Required work -
From the line containing "przedstawiająca asamblaż Władysława" to the line containing "Kugelgelagerte Teleskop-Ausziehträger mit" in the entries below, reproduce every line exactly, ends included. Nothing else belongs in the copy, and no pictures.

Supplied data -
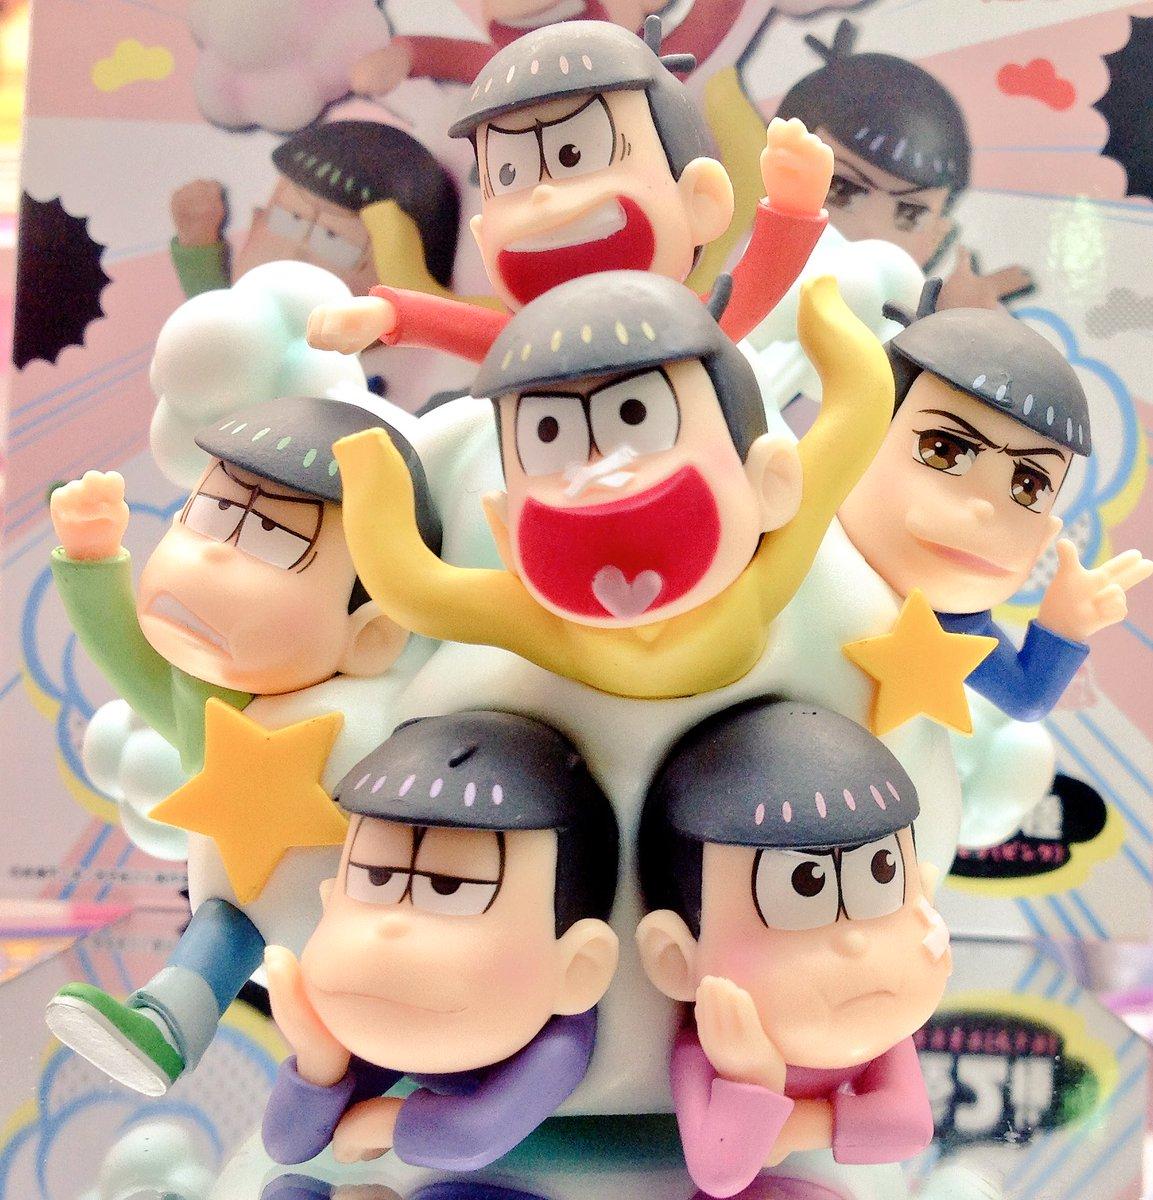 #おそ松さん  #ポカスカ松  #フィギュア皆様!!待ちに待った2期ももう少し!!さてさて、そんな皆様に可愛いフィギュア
* * *
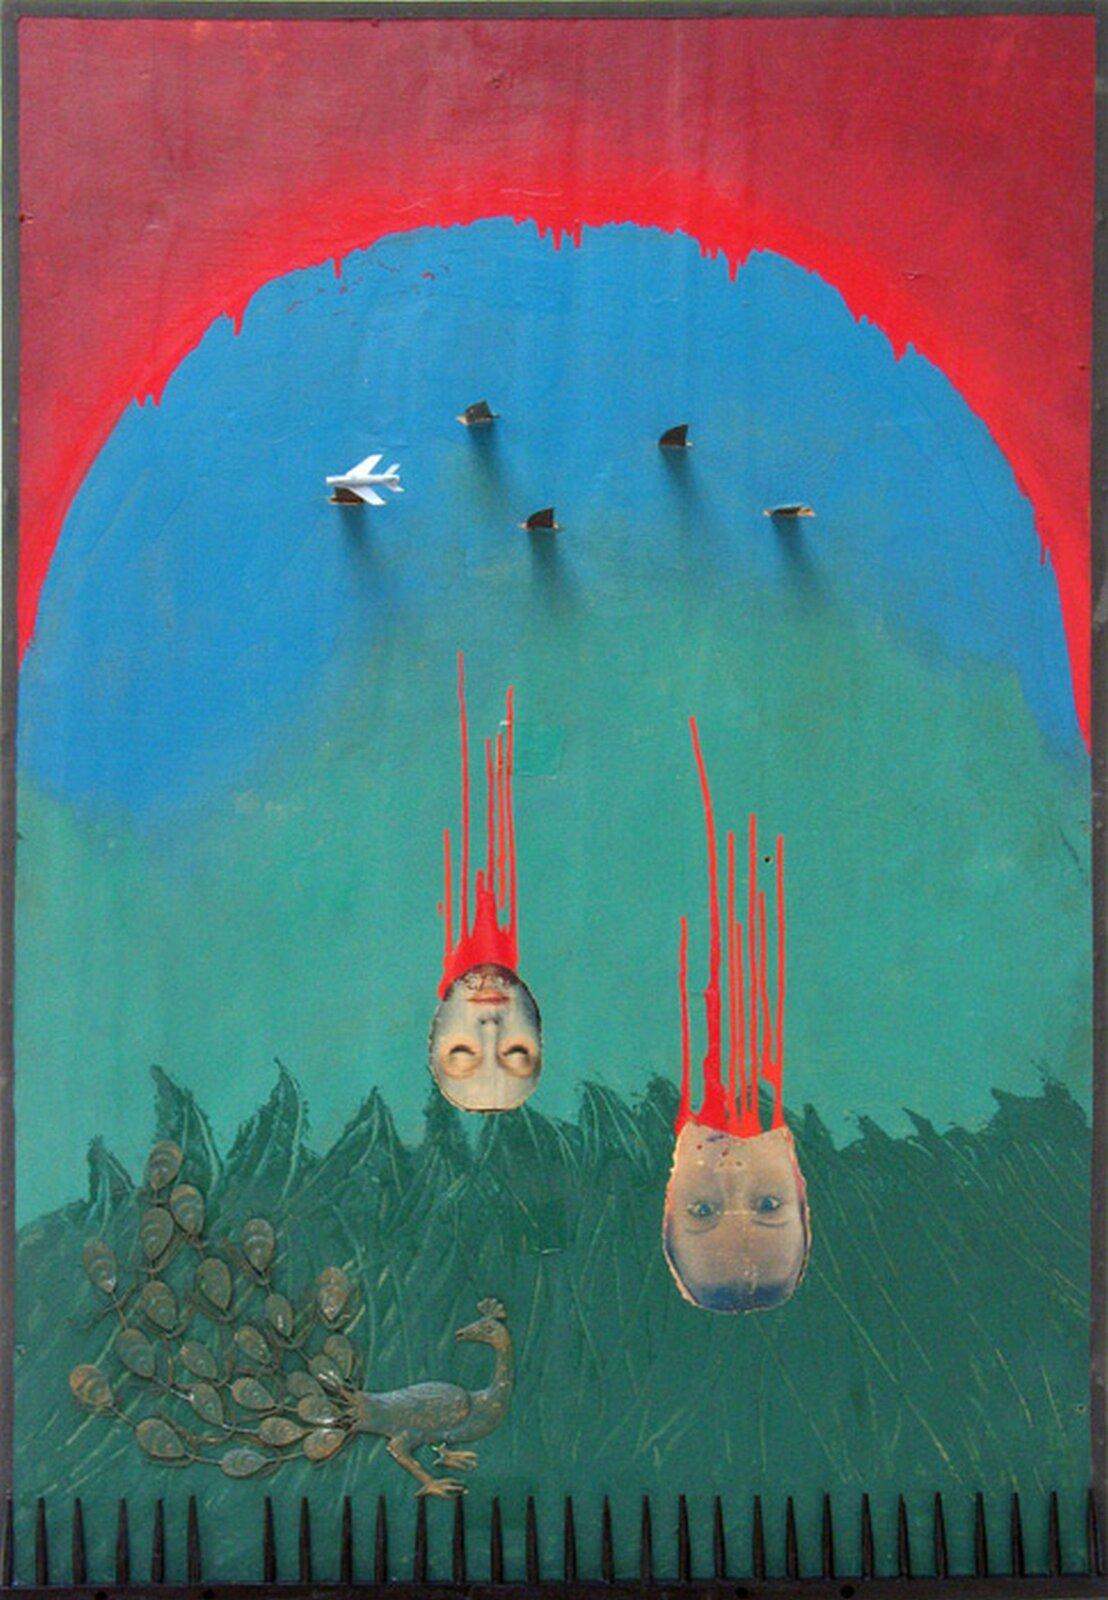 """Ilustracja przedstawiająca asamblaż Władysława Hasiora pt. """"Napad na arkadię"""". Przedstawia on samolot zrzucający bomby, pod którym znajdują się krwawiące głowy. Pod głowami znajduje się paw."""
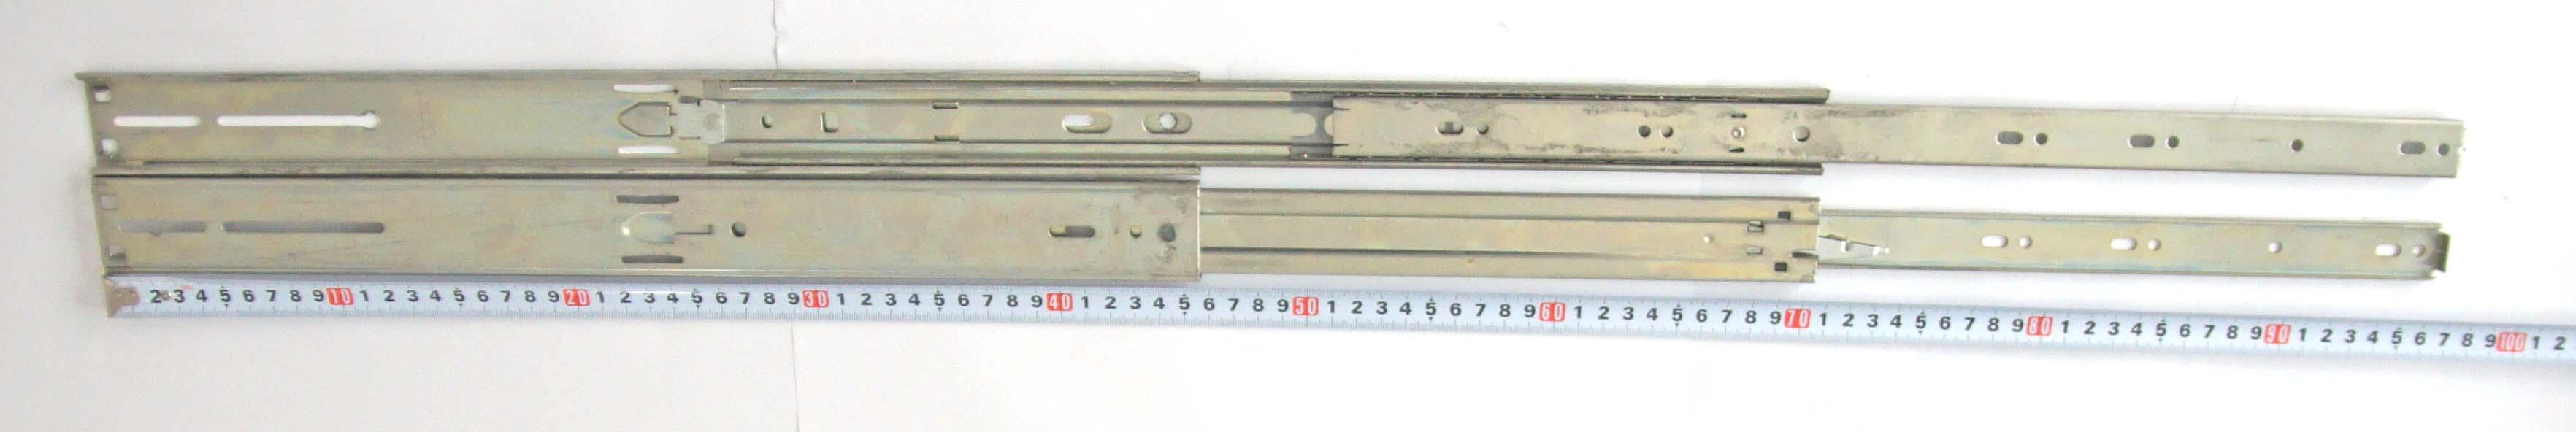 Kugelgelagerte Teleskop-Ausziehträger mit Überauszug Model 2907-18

Solution -
 """Ilustracja przedstawiająca asamblaż Władysława Hasiora pt. """"Napad na arkadię"""". Przedstawia on samolot zrzucający bomby, pod którym znajdują się krwawiące głowy. Pod głowami znajduje się paw."""
 Kugelgelagerte Teleskop-Ausziehträger mit Überauszug Model 2907-18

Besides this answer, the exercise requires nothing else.